# DIRECTIONS FOR THIS TASK
In the listing below, the lines starting at the line with "VALLEES DU CREVON, DE" and ending at the line with "IMPACT CLINIQUE - Opinions" are to be output verbatim. Images stay out of the copy.

# SUPPLIED DATA

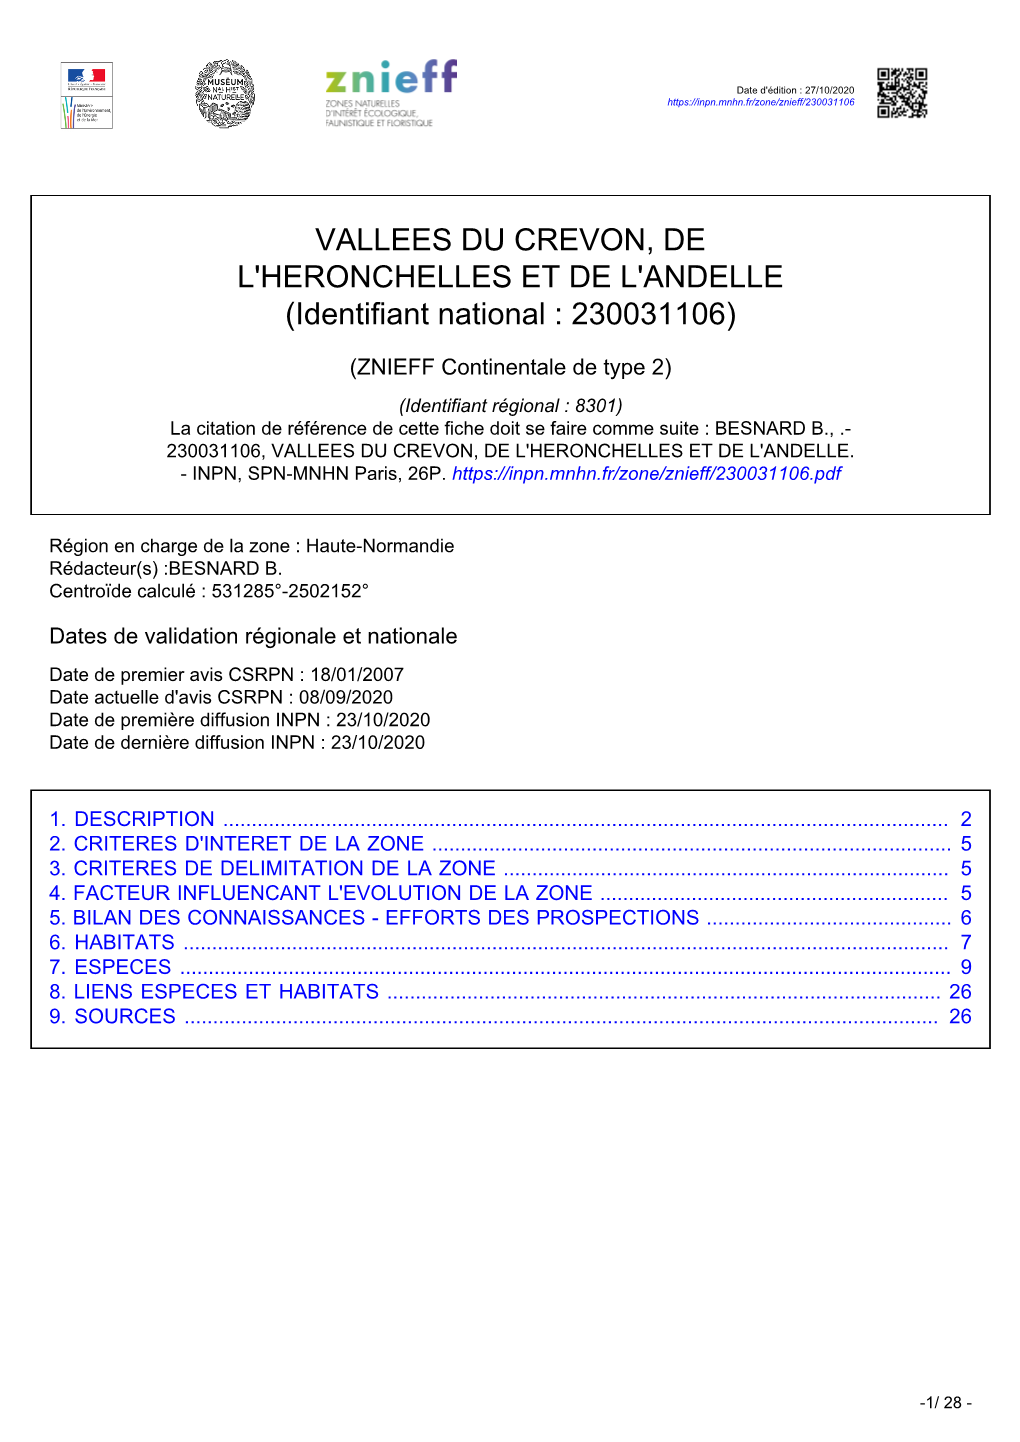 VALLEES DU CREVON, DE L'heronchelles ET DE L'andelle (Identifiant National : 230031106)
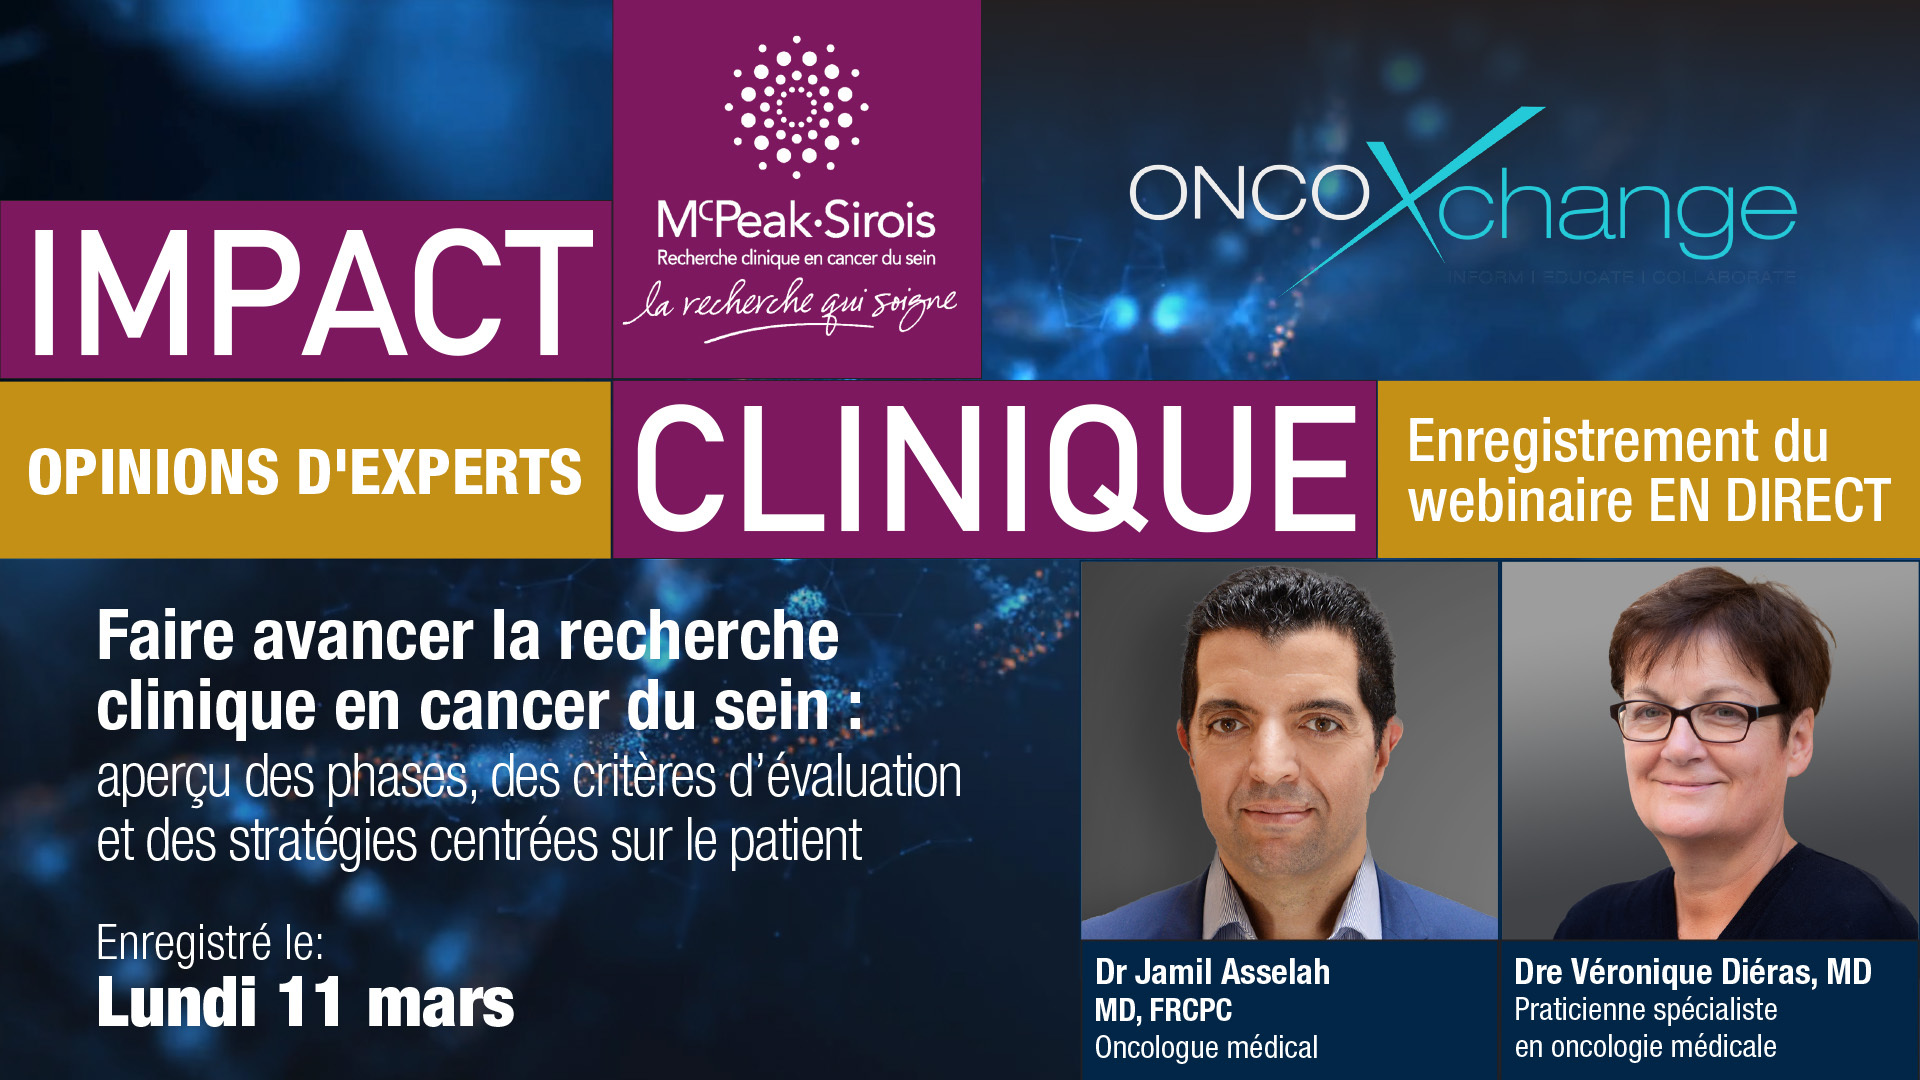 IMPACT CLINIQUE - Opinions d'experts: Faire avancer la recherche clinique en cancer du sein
...
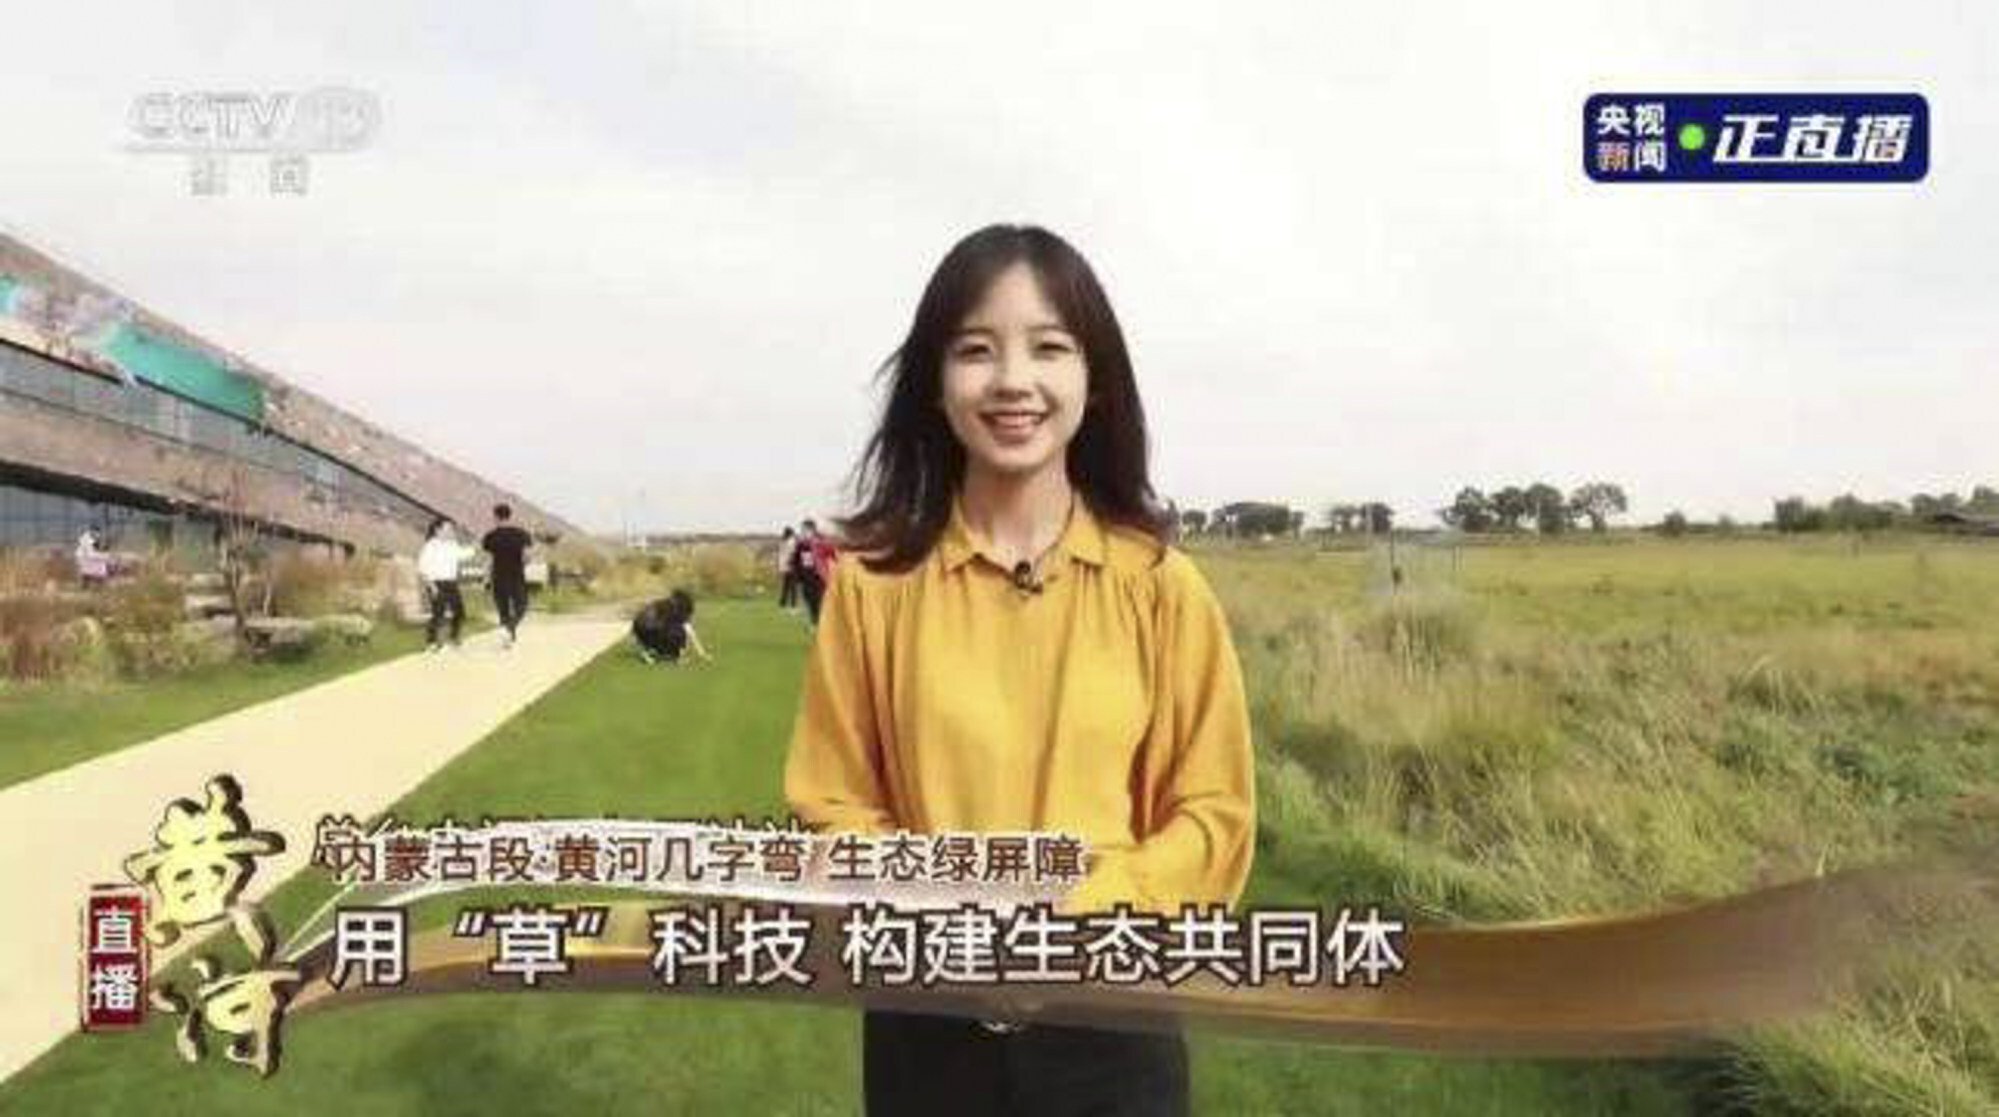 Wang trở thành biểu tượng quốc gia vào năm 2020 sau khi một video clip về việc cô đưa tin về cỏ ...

# TASK OUTPUT
 VALLEES DU CREVON, DE L'heronchelles ET DE L'andelle (Identifiant National : 230031106)
 IMPACT CLINIQUE - Opinions d'experts: Faire avancer la recherche clinique en cancer du sein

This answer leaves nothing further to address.